Amazon Resource Name - ARN
Amazon Resource Name (ARN) is a unique identifier of Amazon resource. Dataedo will use it to connect to the selected S3 Bucket. To find ARN:
- Open S3 Resource in AWS Console,
- Open bucket which contains file(s) you want to document,
- Open properties tab,
- Copy the ARN value.
Connecting Dataedo to Amazon S3
Dataedo provides two ways to document file(s) in the S3 bucket. You can either Document an object stored in S3 as structure in existing documentation or Add new documentation.
Document an object stored in S3 as structure in existing documentation
Right-click Structures and select Add/Import File/Structure. In opened window select Import from file.

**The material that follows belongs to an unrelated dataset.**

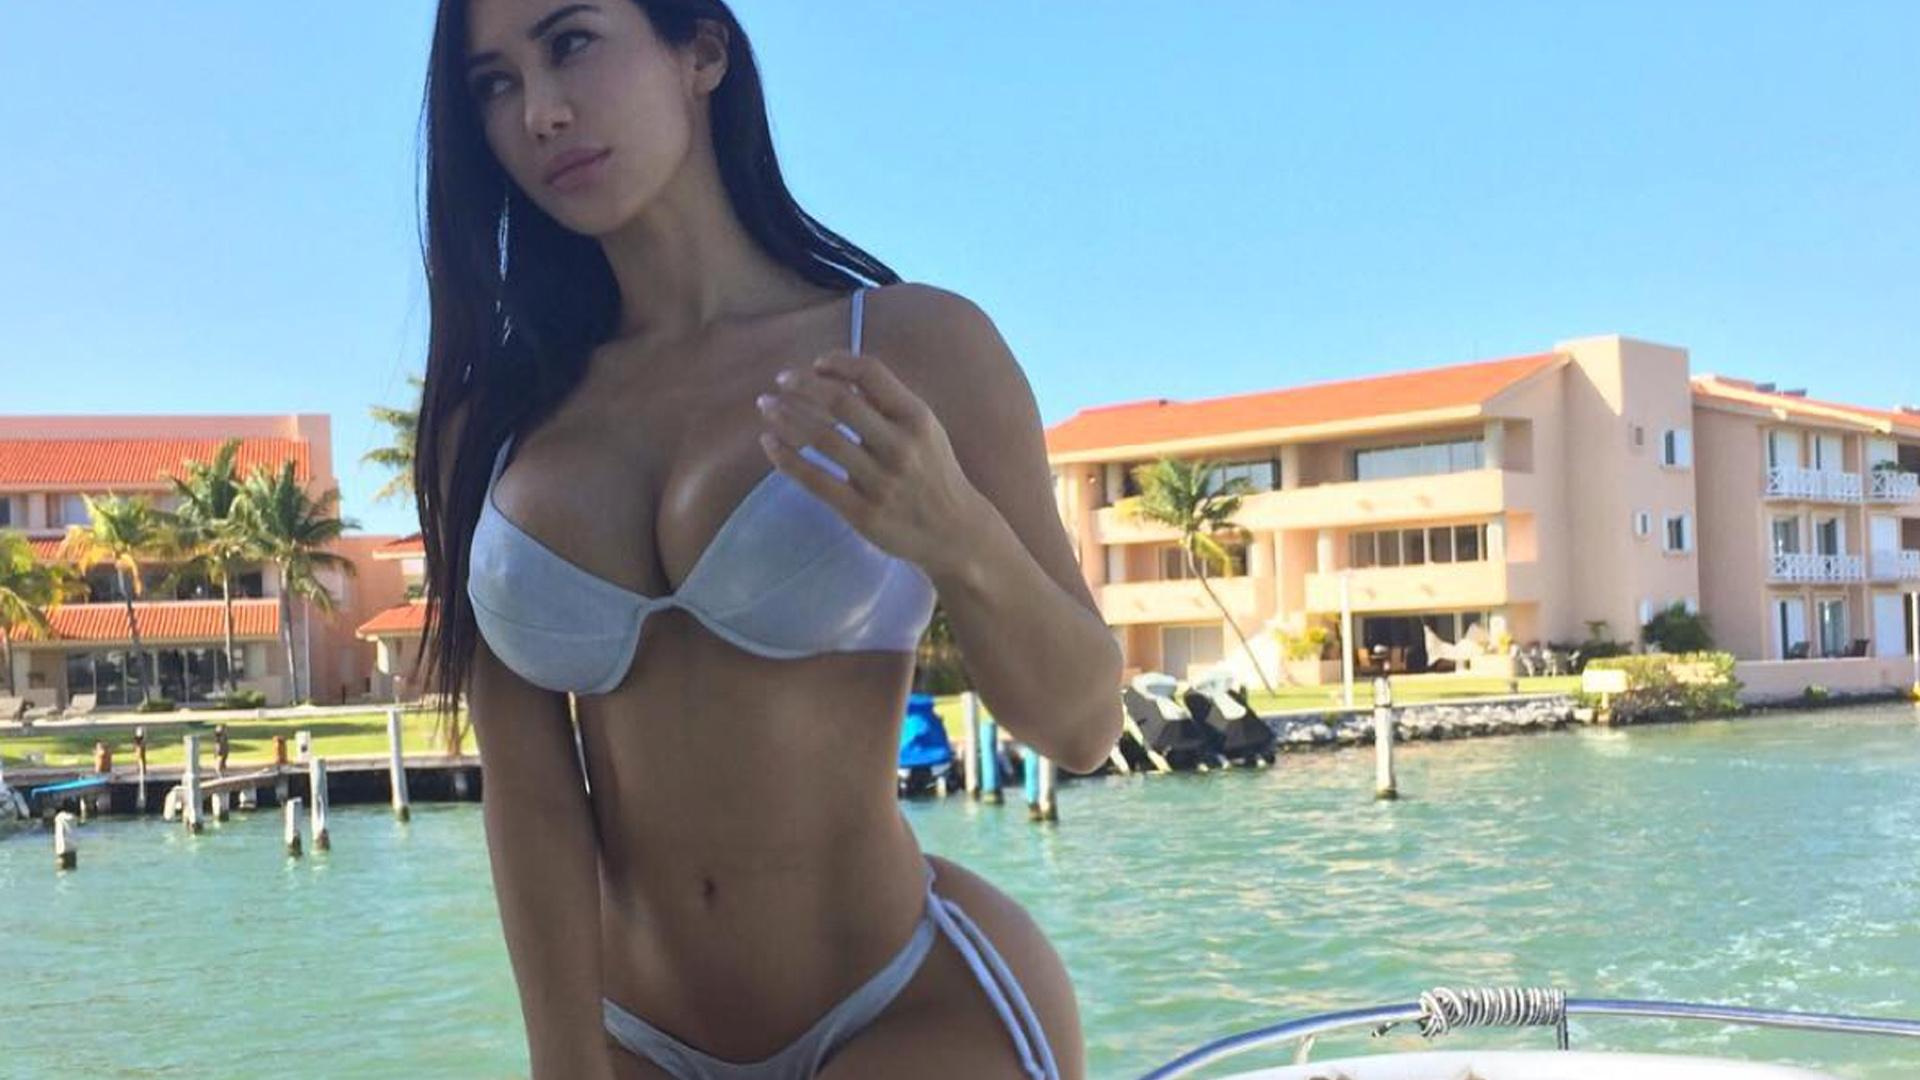 Lingerie Videos Instagram Models Video Vixens Hip Hop

Select the format of the file to import. If in the next steps you will select more than one file, this will be used as the default choice, although you will be able to select the format for each of the files.
Select Amazon S3 as provider:
In Select file step, click Connect button and provide connection details to Amazon S3:
- ARN - Amazon Resource Name which uniquely identifies S3 Bucket,
- Access Key - key assigned to IAM user which will be used to connect Dataedo to S3 Bucket,
- Secret Key - password for IAM user.
Obtaining connection details was described in the Prerequisites section. Click Next.
In next step, select a file or multiple files to import.
If you selected only one file, Dataedo will try to read this file and if succeded will open a window with schema and fields to provide details for structure.
For multiple files, Dataedo will try to figure out the format of each file. If failed, you will see an error and have to select the type of a file manually. You can also change the format of a file if the recognized format is wrong.
Add new connection to S3 bucket
To connect to S3 and create a new documentation, click Add documentation and choose Database connection.
On the Add documentation window choose Amazon S3:
Provide connection details to Amazon S3:
- ARN - Amazon Resource Name which uniquely identifies S3 Bucket,
- Access Key - key assigned to IAM user which will be used to connect Dataedo to S3 Bucket,
- Secret Key - password for IAM user.
Obtaining connection details was described in the Prerequisites section. Click Next.
Next screen allows you to change name of the documentation under which it will be visible in Dataedo repository.
Select the format of the file to import. If in the next steps you will select more than one file, this will be used as the default choice, although you will be able to select the format for each of the files.
In next step, select a file or multiple files to import.
If you selected only one file, Dataedo will try to read this file and if succeded will open a window with schema and fields to provide details for structure.
For multiple files, Dataedo will try to figure out the format of each file. If failed, you will see an error and have to select the type of a file manually. You can also change the format of a file if the recognized format is wrong.
Outcome
Your S3 objects have been imported to the repository.
Data profiling
Dataedo does not support profiling objects stored in Amazon S3.